++++ Dataset records

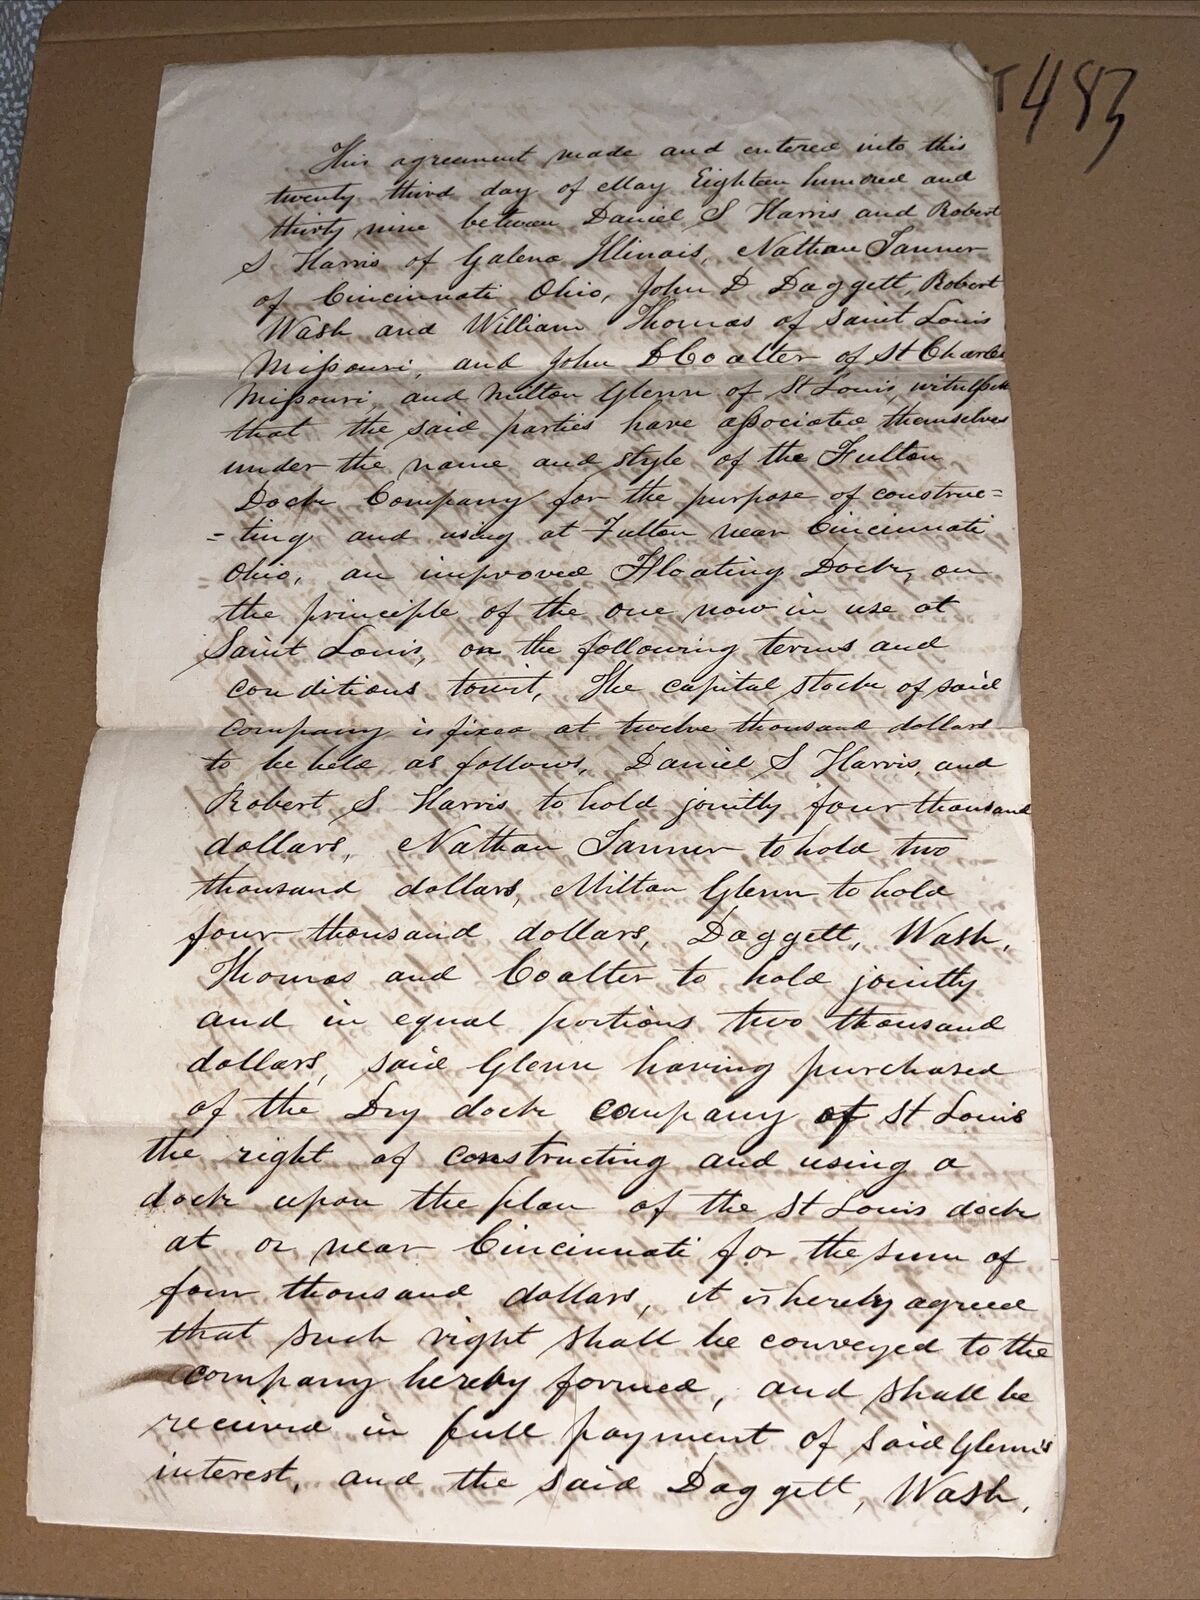 1839 Dock Company Agreement Signed: Famous Steamboat Captain Daniel Smith Harris
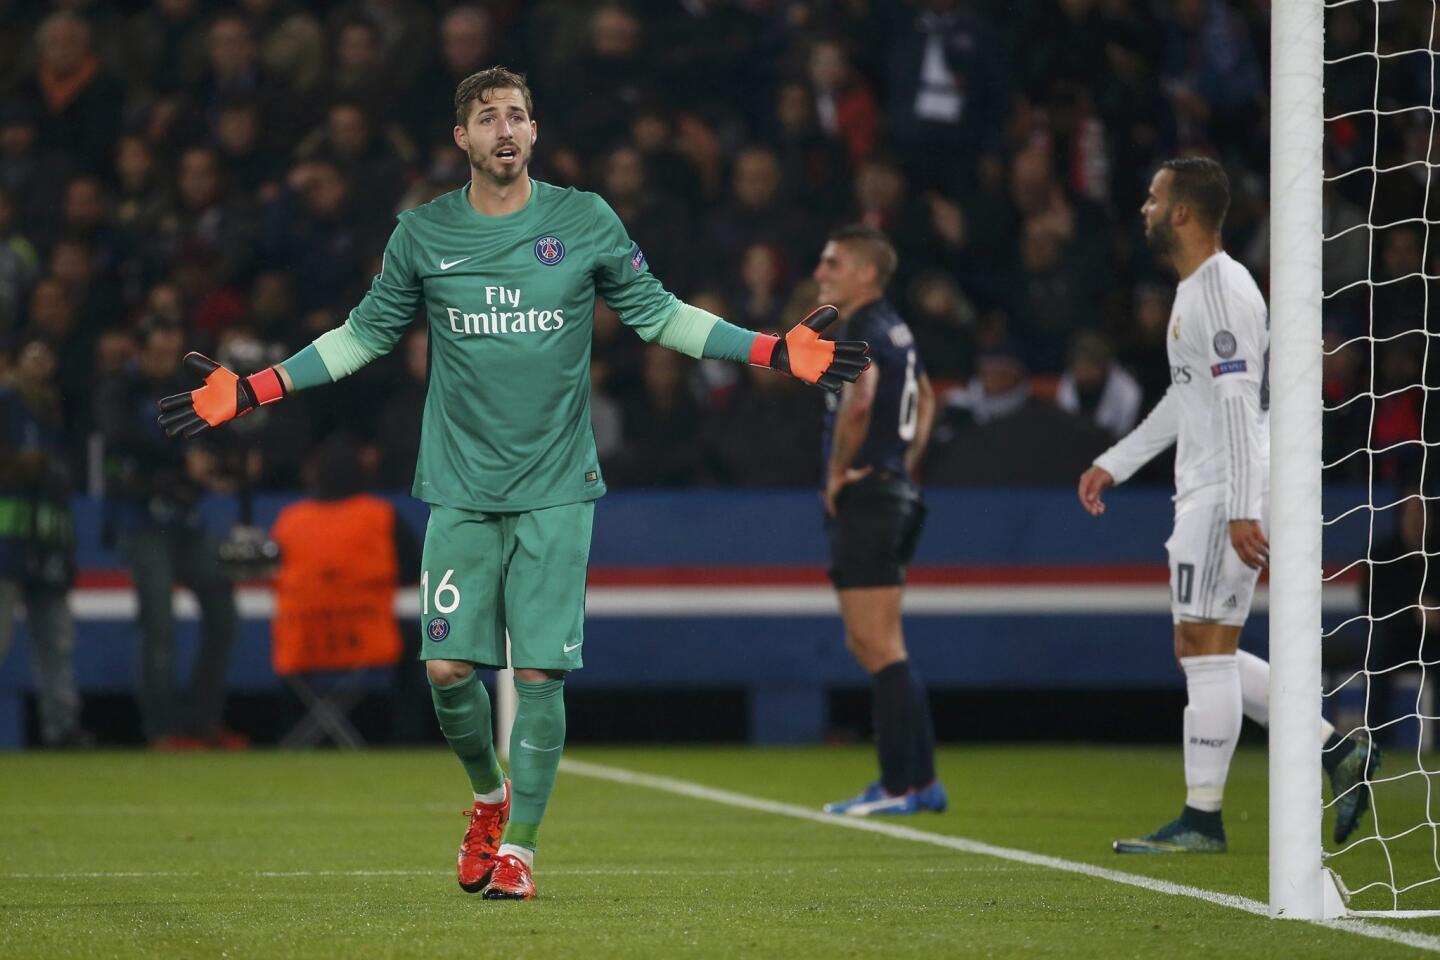 Paris Saint Germain's goalkeeper Kevin Trapp reacts during their Champions League Group A soccer match against Real Madrin at the Parc des Princes stadium in Paris
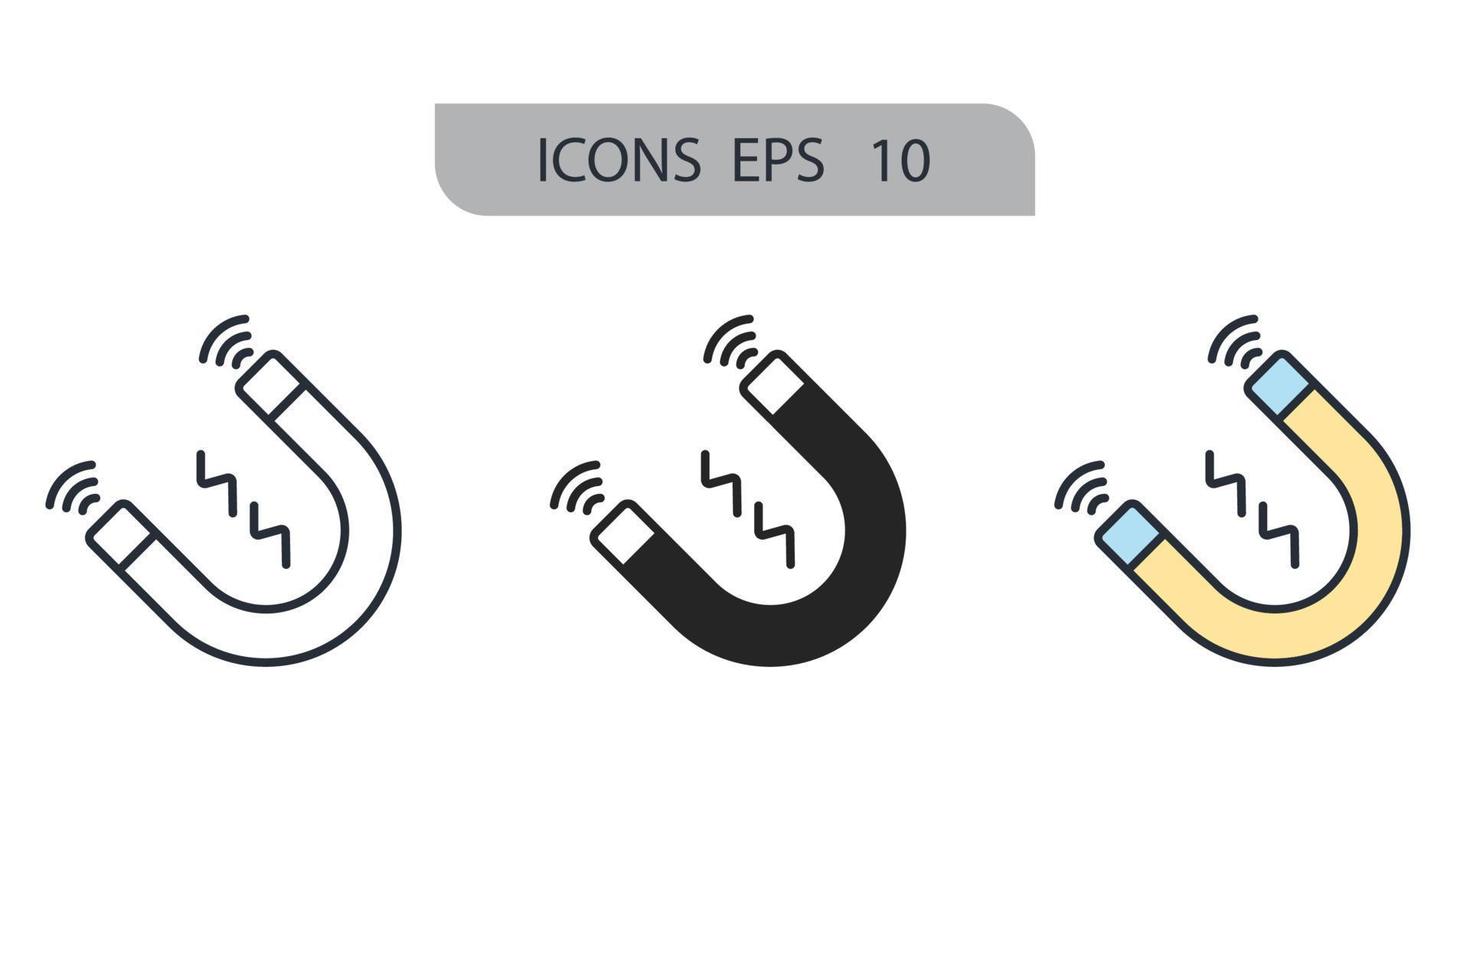 Maps and pins icons  symbol vector elements for infographic web
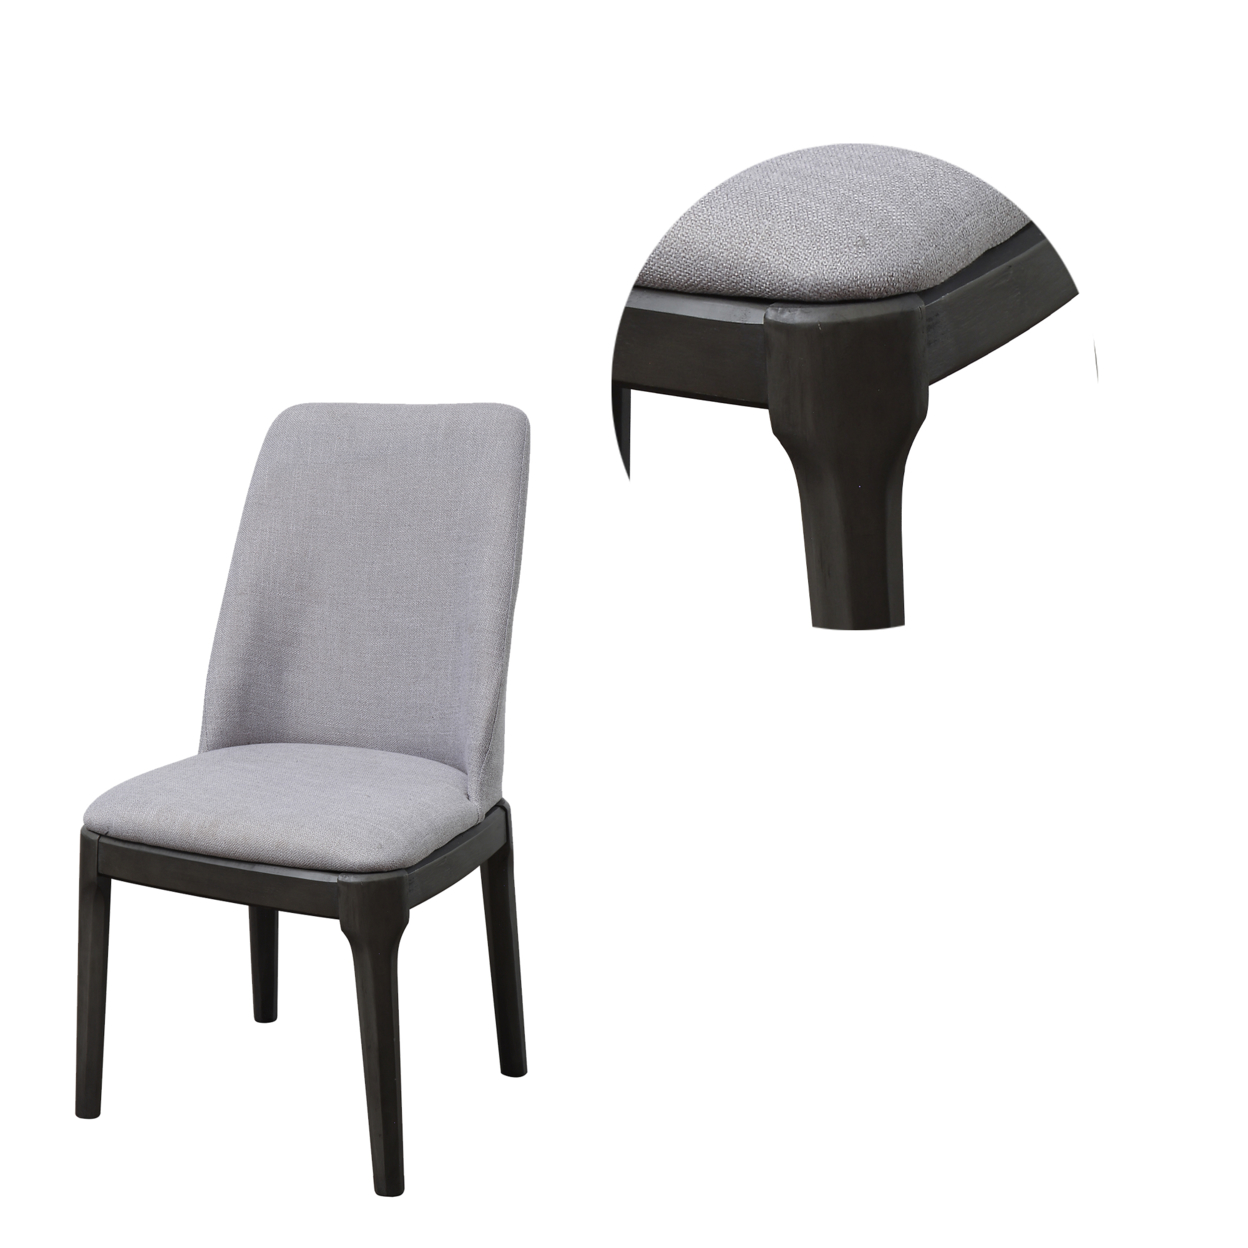 Linen Upholstered Wooden Side Chair With Curved Backrest And Block Legs, Set Of 2, Gray- Saltoro Sherpi
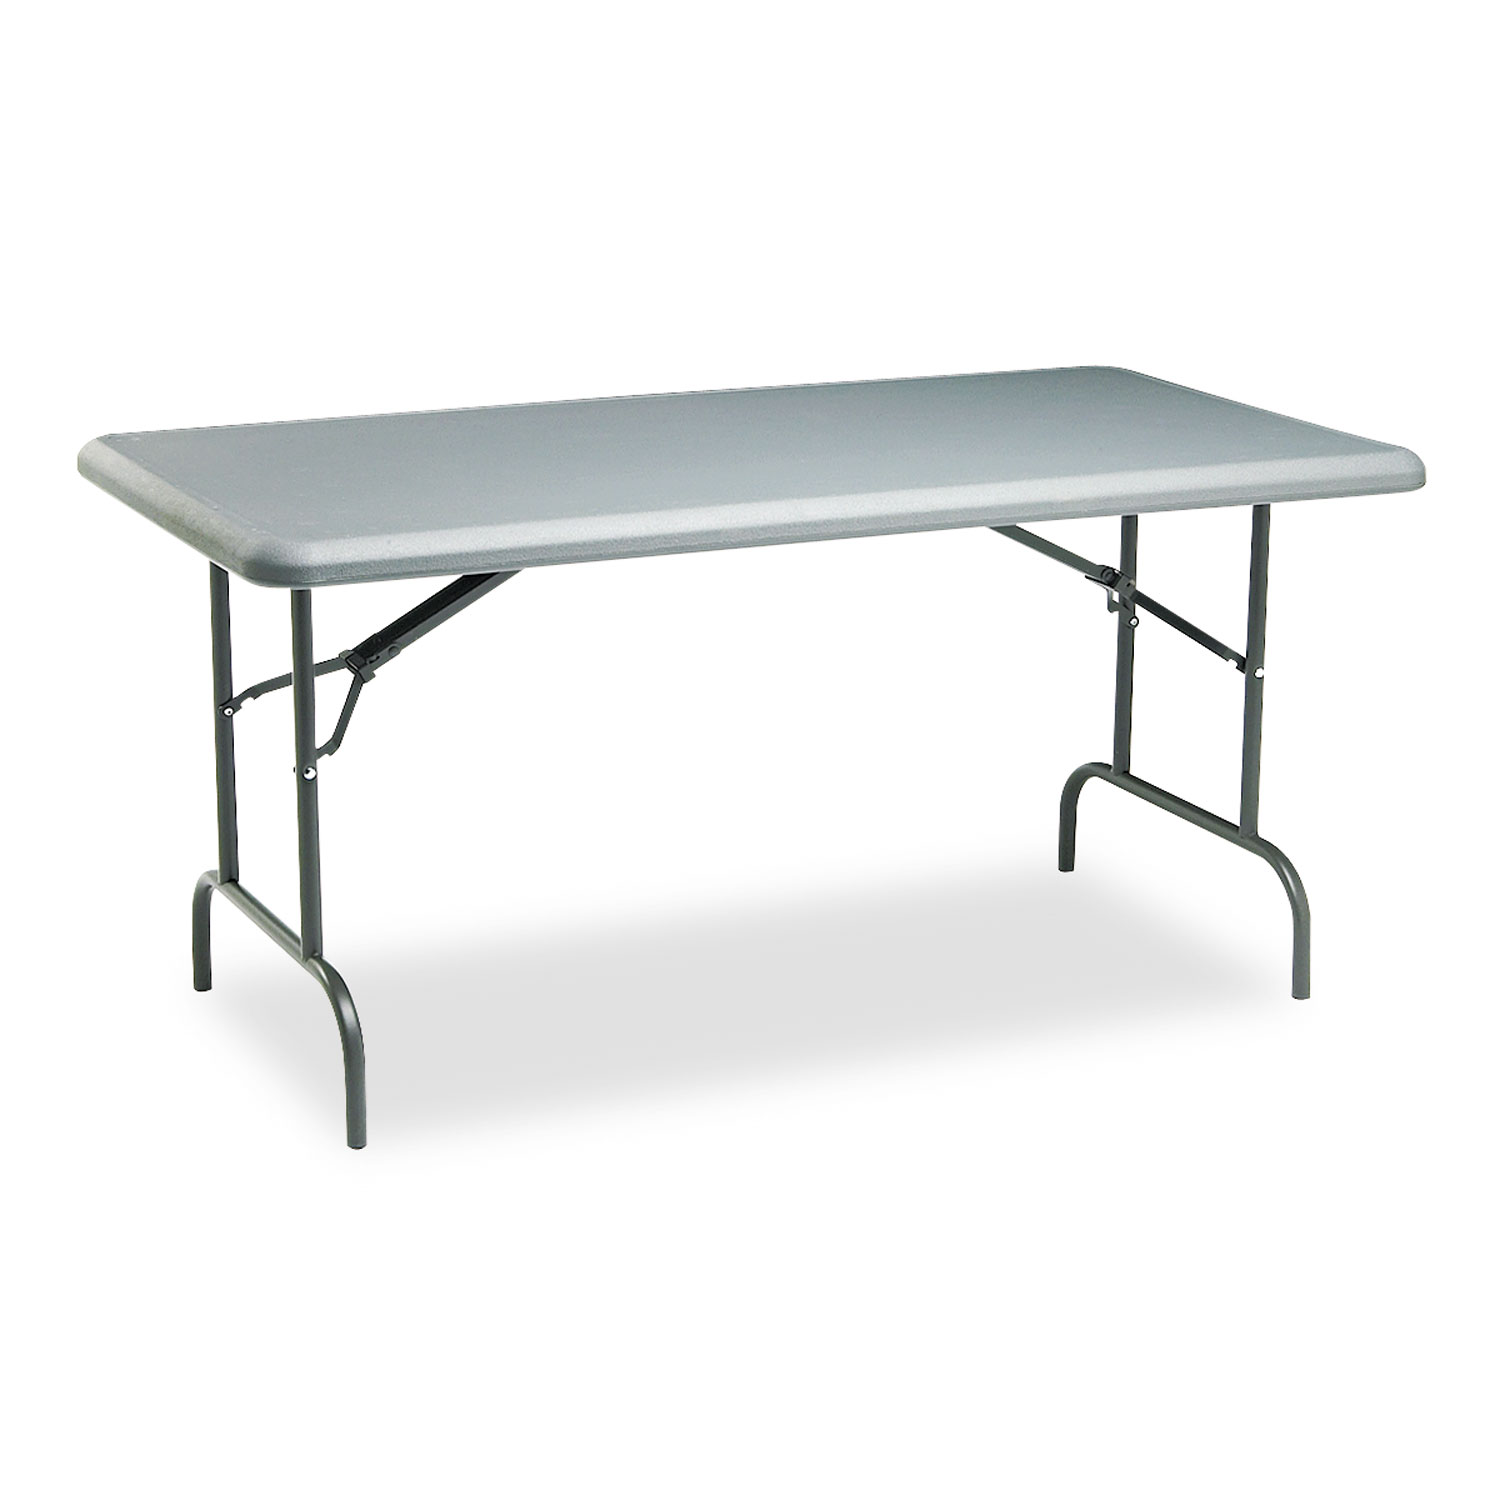  Iceberg 65217 IndestrucTables Too 1200 Series Folding Table, 60w x 30d x 29h, Charcoal (ICE65217)

++++++++

*Required action*
An exact copy is needed of every line from the line containing "Maps and pins" to the last line of the records; pictures stay out of it.

*Response area*
 Maps and pins icons  symbol vector elements for infographic web
 Linen Upholstered Wooden Side Chair With Curved Backrest And Block Legs, Set Of 2, Gray- Saltoro Sherpi
  Iceberg 65217 IndestrucTables Too 1200 Series Folding Table, 60w x 30d x 29h, Charcoal (ICE65217)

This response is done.